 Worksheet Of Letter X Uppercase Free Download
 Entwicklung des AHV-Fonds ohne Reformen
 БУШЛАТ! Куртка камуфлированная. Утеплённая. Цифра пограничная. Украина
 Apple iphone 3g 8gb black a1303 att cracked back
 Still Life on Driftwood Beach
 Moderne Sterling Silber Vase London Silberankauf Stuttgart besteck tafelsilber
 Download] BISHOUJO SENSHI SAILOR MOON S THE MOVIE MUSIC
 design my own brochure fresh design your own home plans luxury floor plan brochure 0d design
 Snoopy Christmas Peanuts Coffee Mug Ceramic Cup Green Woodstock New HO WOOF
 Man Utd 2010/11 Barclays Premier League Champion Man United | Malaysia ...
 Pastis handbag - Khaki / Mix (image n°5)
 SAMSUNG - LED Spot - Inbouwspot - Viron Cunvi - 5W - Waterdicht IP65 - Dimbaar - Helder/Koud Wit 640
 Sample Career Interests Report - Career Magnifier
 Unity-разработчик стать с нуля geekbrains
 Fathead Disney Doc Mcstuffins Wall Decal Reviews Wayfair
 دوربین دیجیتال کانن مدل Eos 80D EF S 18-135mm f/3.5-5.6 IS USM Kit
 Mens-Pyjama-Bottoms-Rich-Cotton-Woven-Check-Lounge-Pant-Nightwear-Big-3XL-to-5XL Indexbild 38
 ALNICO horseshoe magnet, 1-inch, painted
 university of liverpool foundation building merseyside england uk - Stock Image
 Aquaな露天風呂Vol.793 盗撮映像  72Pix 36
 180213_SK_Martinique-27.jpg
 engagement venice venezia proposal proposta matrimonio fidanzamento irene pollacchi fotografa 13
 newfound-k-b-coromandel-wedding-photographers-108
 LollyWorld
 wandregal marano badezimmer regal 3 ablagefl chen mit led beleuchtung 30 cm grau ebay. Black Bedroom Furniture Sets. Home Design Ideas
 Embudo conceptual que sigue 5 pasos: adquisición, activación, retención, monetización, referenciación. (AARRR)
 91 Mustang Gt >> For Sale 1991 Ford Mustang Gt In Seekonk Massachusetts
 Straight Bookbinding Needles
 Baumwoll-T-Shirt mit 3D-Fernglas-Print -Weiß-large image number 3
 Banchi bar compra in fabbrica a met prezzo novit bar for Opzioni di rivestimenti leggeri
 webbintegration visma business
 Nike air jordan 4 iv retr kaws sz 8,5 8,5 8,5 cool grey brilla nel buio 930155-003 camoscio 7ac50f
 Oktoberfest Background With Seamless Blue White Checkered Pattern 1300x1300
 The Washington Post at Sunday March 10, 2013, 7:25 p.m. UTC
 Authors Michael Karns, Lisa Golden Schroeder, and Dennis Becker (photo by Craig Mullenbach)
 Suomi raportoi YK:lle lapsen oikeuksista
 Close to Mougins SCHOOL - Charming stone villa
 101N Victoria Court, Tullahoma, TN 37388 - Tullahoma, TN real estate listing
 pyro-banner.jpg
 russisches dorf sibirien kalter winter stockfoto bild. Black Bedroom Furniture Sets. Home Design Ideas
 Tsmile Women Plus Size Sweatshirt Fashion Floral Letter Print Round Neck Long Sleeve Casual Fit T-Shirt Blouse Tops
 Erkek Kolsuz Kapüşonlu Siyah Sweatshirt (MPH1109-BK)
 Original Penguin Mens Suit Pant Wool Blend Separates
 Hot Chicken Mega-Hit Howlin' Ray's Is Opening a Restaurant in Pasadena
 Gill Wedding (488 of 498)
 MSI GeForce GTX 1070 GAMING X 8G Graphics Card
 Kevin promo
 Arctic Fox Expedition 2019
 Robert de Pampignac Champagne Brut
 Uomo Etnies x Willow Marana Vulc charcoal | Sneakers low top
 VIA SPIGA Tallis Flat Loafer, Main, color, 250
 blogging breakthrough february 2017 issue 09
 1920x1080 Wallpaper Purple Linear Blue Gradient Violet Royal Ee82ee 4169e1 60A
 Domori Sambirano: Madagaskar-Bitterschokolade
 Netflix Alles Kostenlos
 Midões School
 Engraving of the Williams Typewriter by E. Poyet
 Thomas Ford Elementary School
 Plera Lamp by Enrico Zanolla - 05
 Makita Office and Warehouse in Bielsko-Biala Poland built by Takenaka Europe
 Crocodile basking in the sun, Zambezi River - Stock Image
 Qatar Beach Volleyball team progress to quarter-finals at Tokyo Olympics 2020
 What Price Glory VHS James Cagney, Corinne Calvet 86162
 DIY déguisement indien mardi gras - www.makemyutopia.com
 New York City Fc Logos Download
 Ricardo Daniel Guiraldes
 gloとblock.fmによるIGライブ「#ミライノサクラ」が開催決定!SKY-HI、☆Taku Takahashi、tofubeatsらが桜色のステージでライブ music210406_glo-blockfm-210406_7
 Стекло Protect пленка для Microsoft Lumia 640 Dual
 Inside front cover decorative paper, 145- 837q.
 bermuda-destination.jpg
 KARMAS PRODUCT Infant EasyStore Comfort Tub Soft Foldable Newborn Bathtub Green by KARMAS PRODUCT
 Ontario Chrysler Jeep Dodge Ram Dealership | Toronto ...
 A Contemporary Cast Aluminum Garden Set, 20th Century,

---------------

**Required action:**
Send back exactly, with nothing added, the lines from the first line of the material above through the line holding "Moderne Sterling Silber"; both ends are included.

**Answer space:**
 Worksheet Of Letter X Uppercase Free Download
 Entwicklung des AHV-Fonds ohne Reformen
 БУШЛАТ! Куртка камуфлированная. Утеплённая. Цифра пограничная. Украина
 Apple iphone 3g 8gb black a1303 att cracked back
 Still Life on Driftwood Beach
 Moderne Sterling Silber Vase London Silberankauf Stuttgart besteck tafelsilber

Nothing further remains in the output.